Background information
- Also known as: EM44; EM;
- Born: Emanuela Alexa 2 April 1992 (age 34) Lugoj, Romania
- Occupations: Singer; Songwriter;
- Years active: 2015–present
- Musical career
- Genres: Alternative pop;
- Instrument: Vocals
- Label: Global

= Emaa =

Romanian singer and songwriter

Emanuela Alexa (born April 2, 1992), known professionally as Emaa (stylized in all caps), is a Romanian singer and songwriter. She became known in 2020 after the release of the song "Insula", in collaboration with The Motans, which brought her collaboration with Global Records.

==Life and career==
Emanuela Alexa was born on April 2, 1992, in Lugoj, Romania. Emaa started singing as a child, being encouraged by her mother and grandparents. At the age of three, she participated in Tip Top MiniTop, a televised children's talent contest. She finished high school in her hometown and moved to Timișoara, where she studied at the Faculty of Sociology and Psychology at West University.

After graduating from college, Emaa started playing with the alternative rock band BAB from Timişoara as a composer and vocal soloist. In 2015, she began a long-term collaboration with Silent Strike and released her first single, "Mâine", with Deliric.

In 2017, Emaa was the female voice in the tracks on the album released by Silent Strike and entitled It`s Not Safe To Turn Off Your Computer.

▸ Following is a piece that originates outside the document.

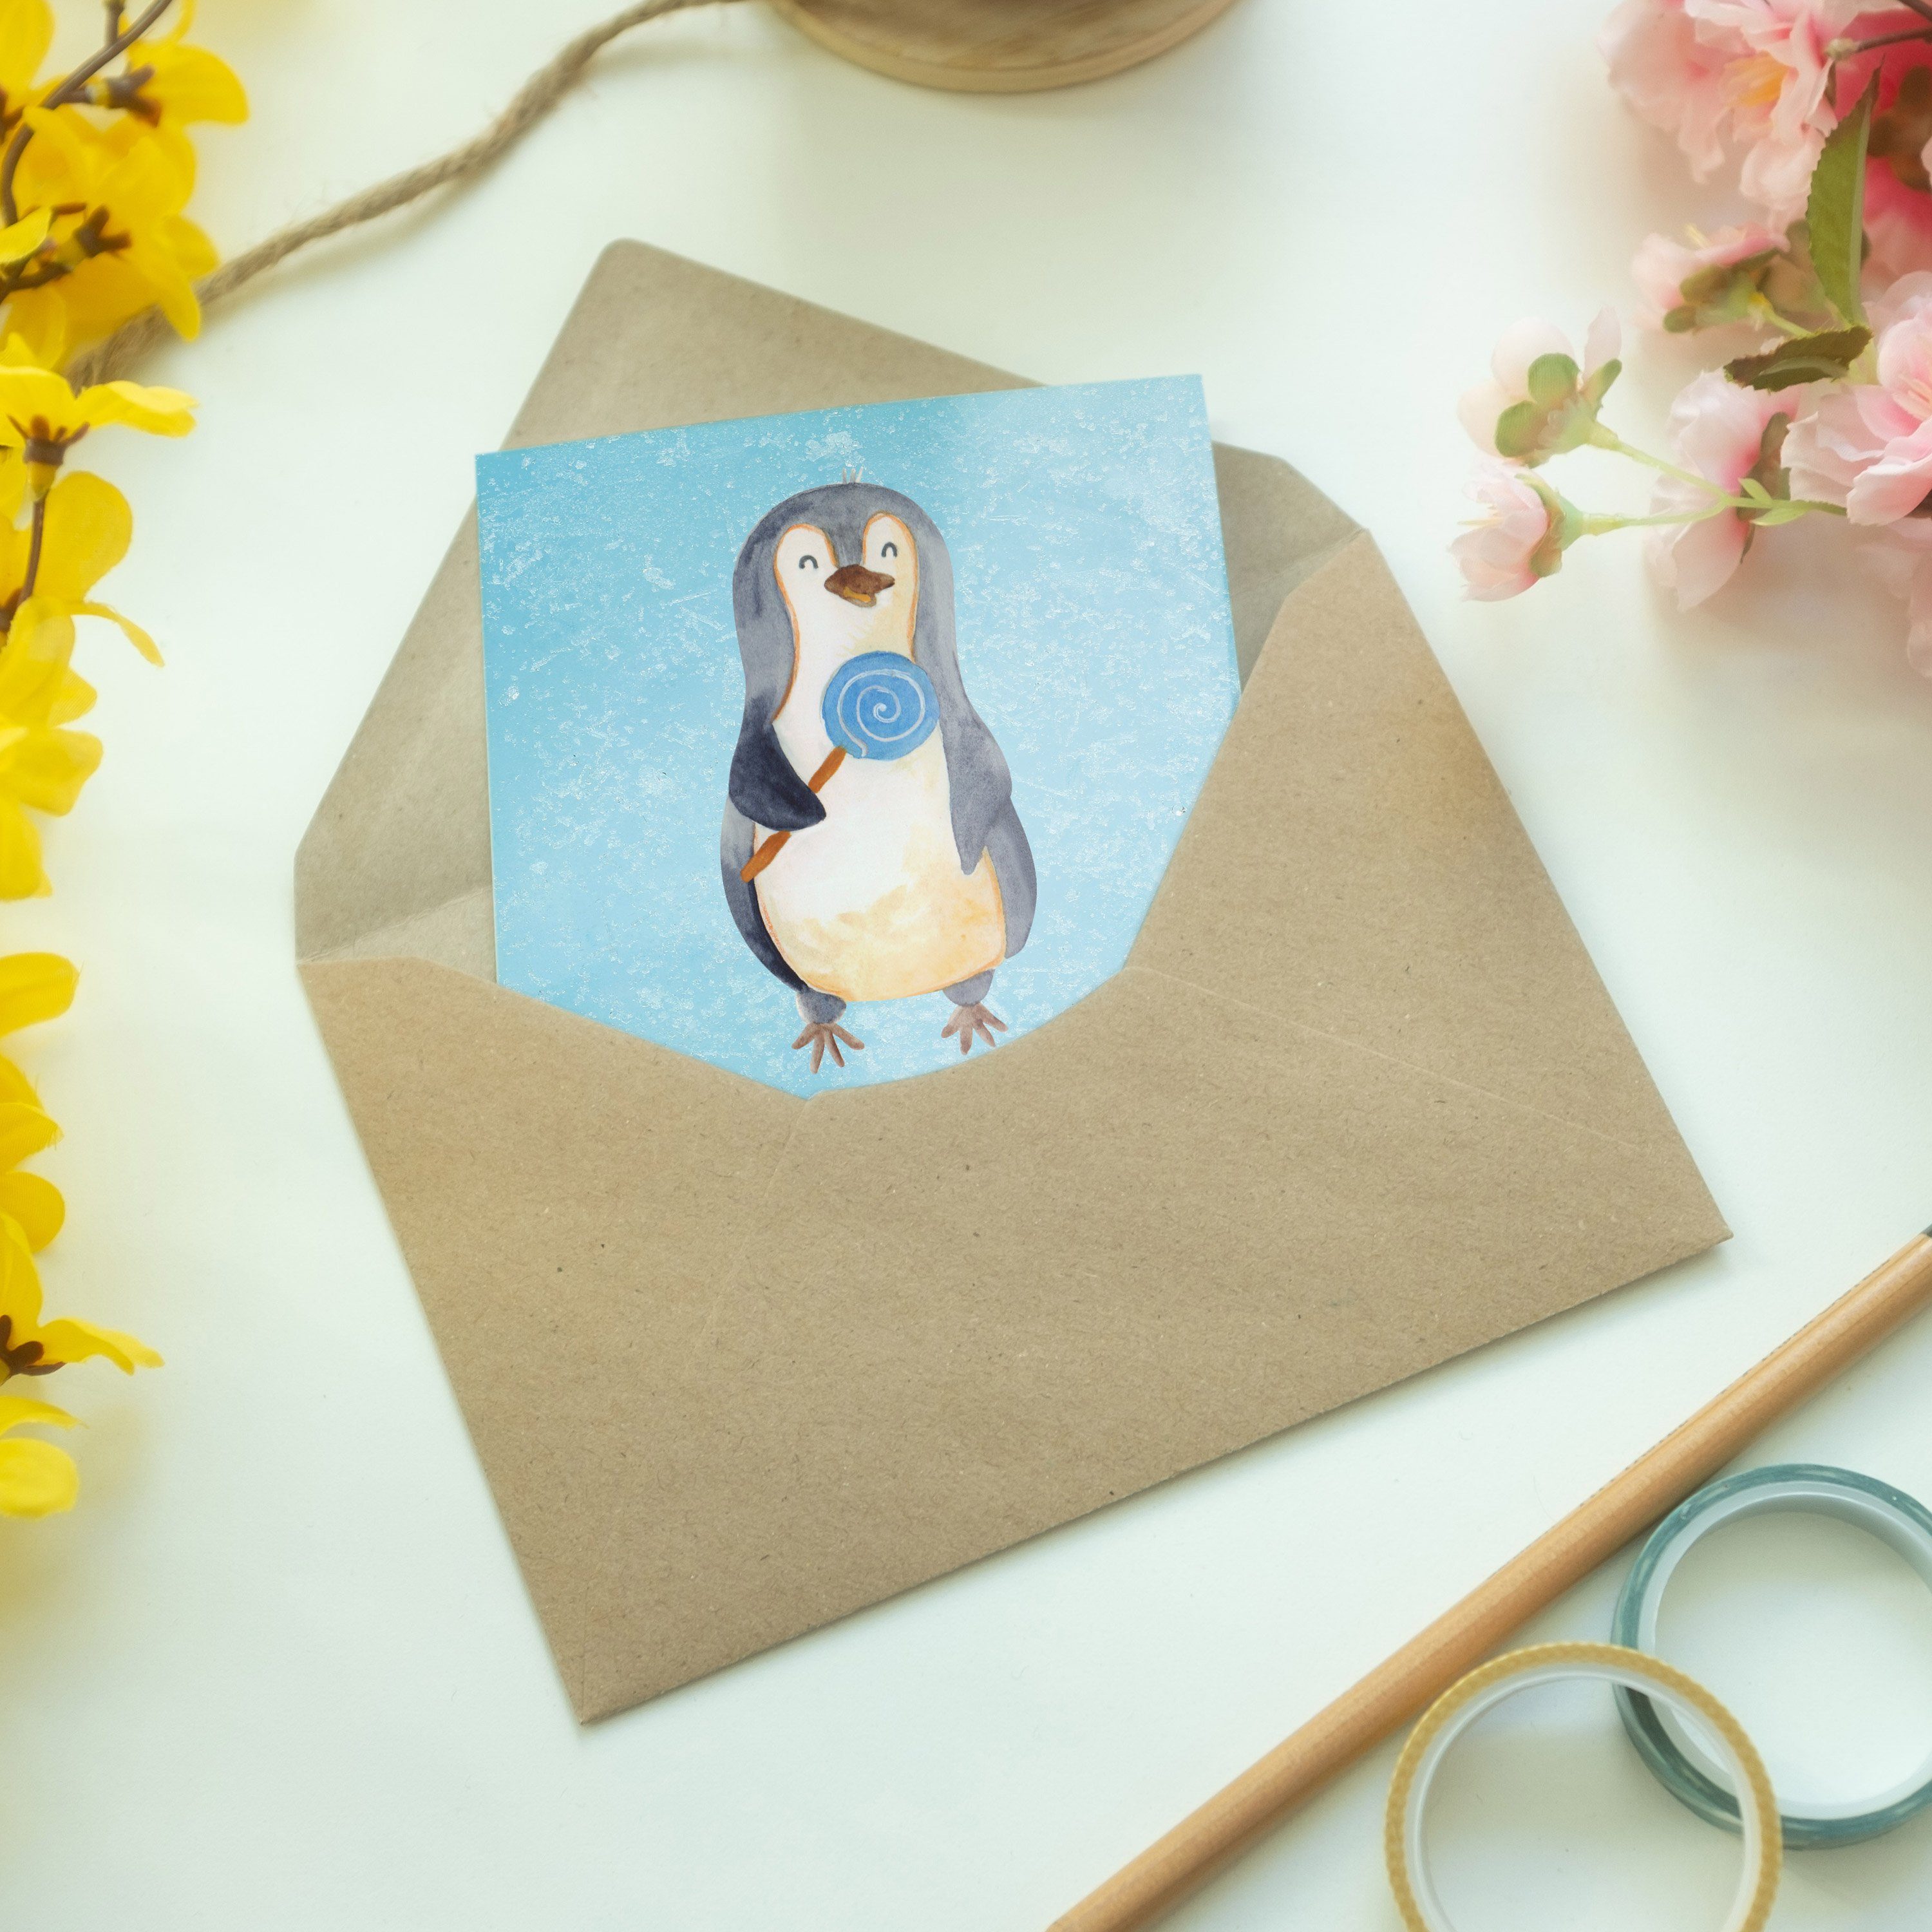 Mr. & Mrs. Panda Grußkarte Eisblau Lolli Pinguin - - Glückwunsc Einladungskarte, Geschenk, Kind

In 2018, she worked with Silent Strike, Deliric, Seek Music and Paul Parker on the soundtrack for the HBO-based Hackerville television series.

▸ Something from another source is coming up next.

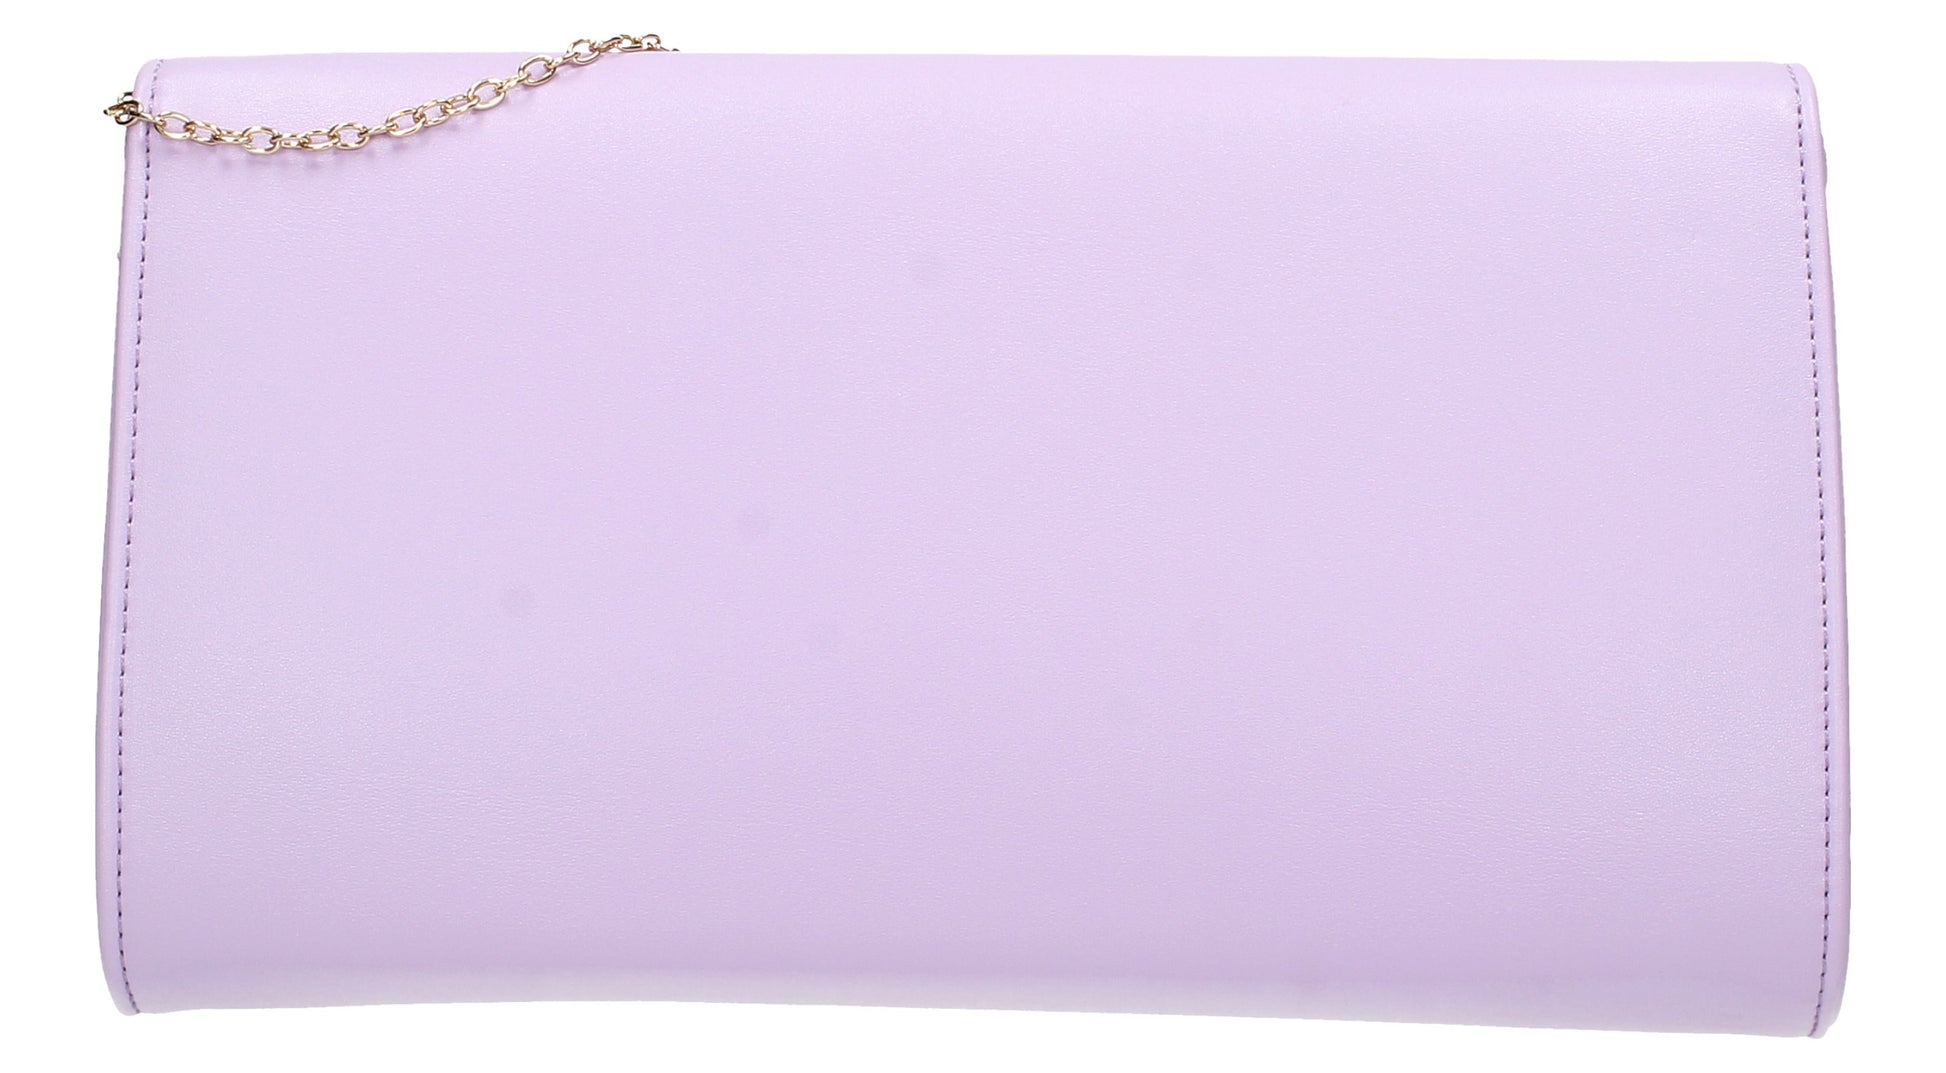 SWANKYSWANS Laura Bow Clutch Bag Lilac Cute Cheap Clutch Bag For Weddings School and Work

In 2020, after signing with Global Records, she had a collaboration with Sickotoy for the song "Gasolina".

In October 2020, The Motans and Emaa released the song "Insula". On December 1, 2020, the artist released her first studio album, Macii înfloresc iarna, which contains four songs performed by Emaa and three collaborations with Bastien, Bruja and Killa Fonic.

==Discography==
===Studio albums===

| Title | Details |
|---|---|
| Macii înfloresc iarna | Released: December 1, 2020; Label: Global Records; Format: CD; |
| fratele abis | Released: April 17, 2024; Label: Global Records; Format: CD; |

===Singles===
====As lead artist====

List of singles as lead artist
Title: Year; Peak chart positions; Album
ROU
"The City (City light)": 2019; —; Non-album singles
"Ego The Friend" (Live Acoustic Session): —
"The Movie": —
"Fun": 2020; —
"Macii înfloresc iarna": —; Macii înfloresc iarna
"Zboară": —
"Extaz murdar" (feat. Killa Fonic): —
"Kundalini" (feat. Bruja): —
"Copilul": —
"Nebună": —
"Luna și stelele" (feat. Bastien): —
"Zburătorul": 2021; 4; Non-album single
"Sufletu' imun": —; Non-album single
"Atât de noi": —; Non-album single
"—" denotes a recording that did not chart or was not released in that territory.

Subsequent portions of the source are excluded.